At the moment, he says “everything is being done as a vertical slice going back up to the cloud”.

Mee says this could create problems in the future: “The obvious example is that if the smart charger that’s charging your ­vehicle doesn’t have the hardware capability of talking to devices in your home but only upwards to the cloud, then in three or four years, trying to integrate across is going to be a lot more difficult than if you built that in at the beginning.

“If you look at the other industries like mobile telephony or the internet or any of those emergent digital areas, the lifecycle of the technology is much shorter,” he adds. Many consumers replace their mobile phone every few years.

“But I would proffer that chargers bolted to the house, your heating system in your house, that’s going to be a ten-year lifecycle, so your opportunity to iterate is lower. They tend to get replaced as a necessity when it breaks rather than as a lifestyle choice.”

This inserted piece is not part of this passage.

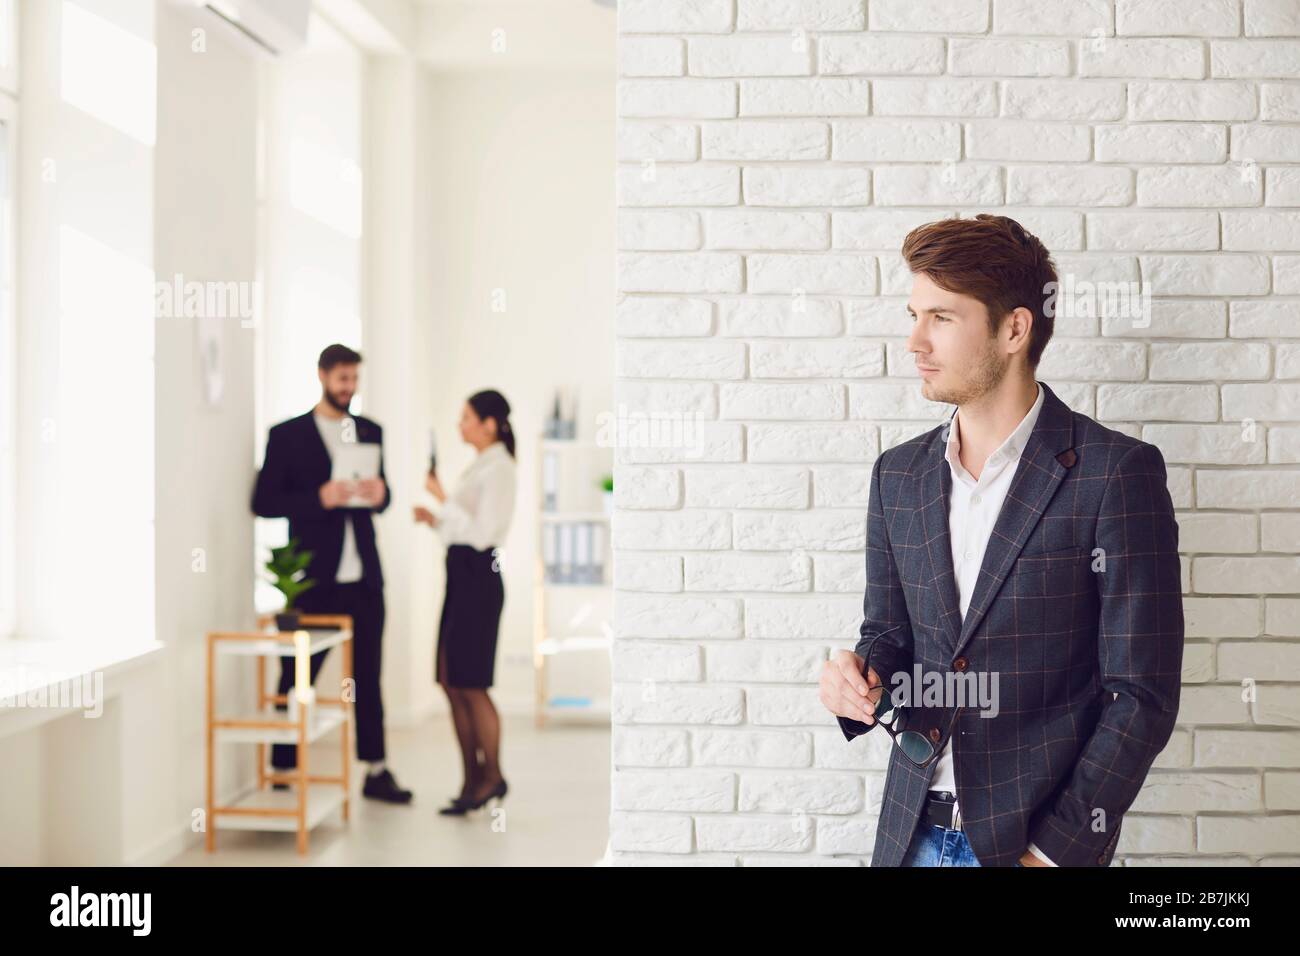 Ernsthafter Geschäftsmann in legerer Kleidung, der in einem weißen Büro an einer weißen Wand steht. Stockfoto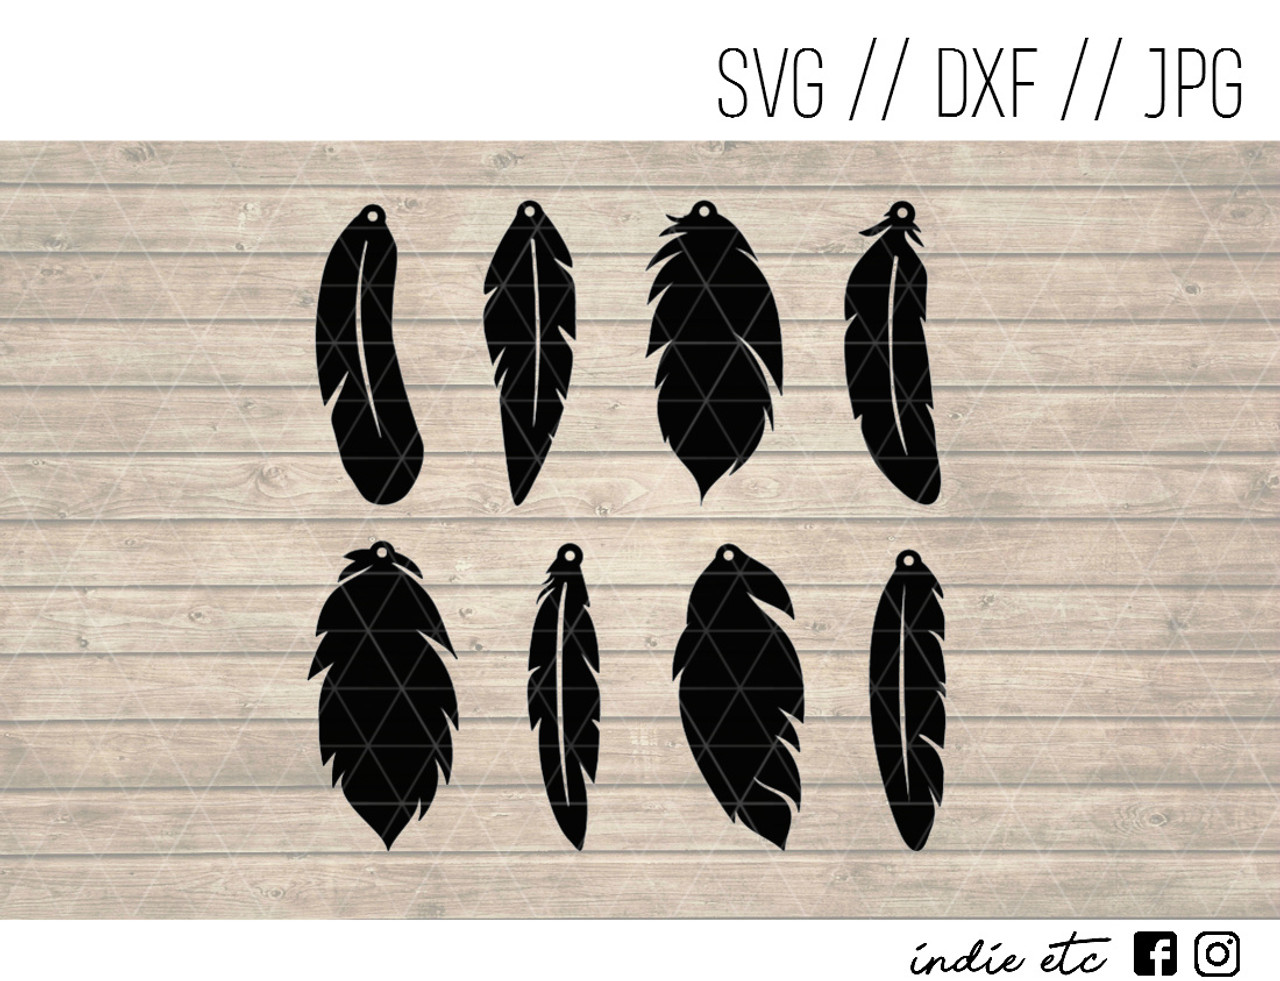 Download Feather Earrings Digital Art File (svg, dxf, jpeg, cut file)

One area that appears particularly promising is EV charging, which can easily be shifted to different parts of the day but will create significant extra costs if it takes place during peak hours.

Customers on Octopus’s Agile tariff can already smart charge their vehicles if they have the right equipment, and both itself and Ovo are offering their customers vehicle-to-grid charging on a trial basis.

Mee says EVs are a “great place to start” because they bring “obvious benefits to consumers straight away”. He says obtaining flexibility from EVs is “more urgent and more doable” than from appliances, adding: “If you learn the lessons right from that, you can maybe apply them to heat.”

It may be further behind, but Neal Coady, director of technology for home energy management at Centrica, says the adoption of low-carbon heating will also “naturally play into flexibility because you’ve got big loads there once you electrify heat to a greater or lesser degree.

“You’ve really got to start worrying about flexibility, otherwise you’re going to need a lot more power stations.”

The company recently received approval from the electricity system operator to provide frequency response using hundreds of smart water tanks installed in customers’ homes.

Coady says consumers are increasingly concerned about climate change and willing to make changes to help decarbonise the energy system, but the industry must make it easy and simple to do so: “You could buy a heat pump or a battery or solar panels and install them, but then you’re kind of on your own.

“People want to do something about decarbonising their energy, but when they start Googling and digging into it, they just get hit with a whole flood of stuff they don’t really understand.”

Both on stage and behind the scenes, there is a lot left to do.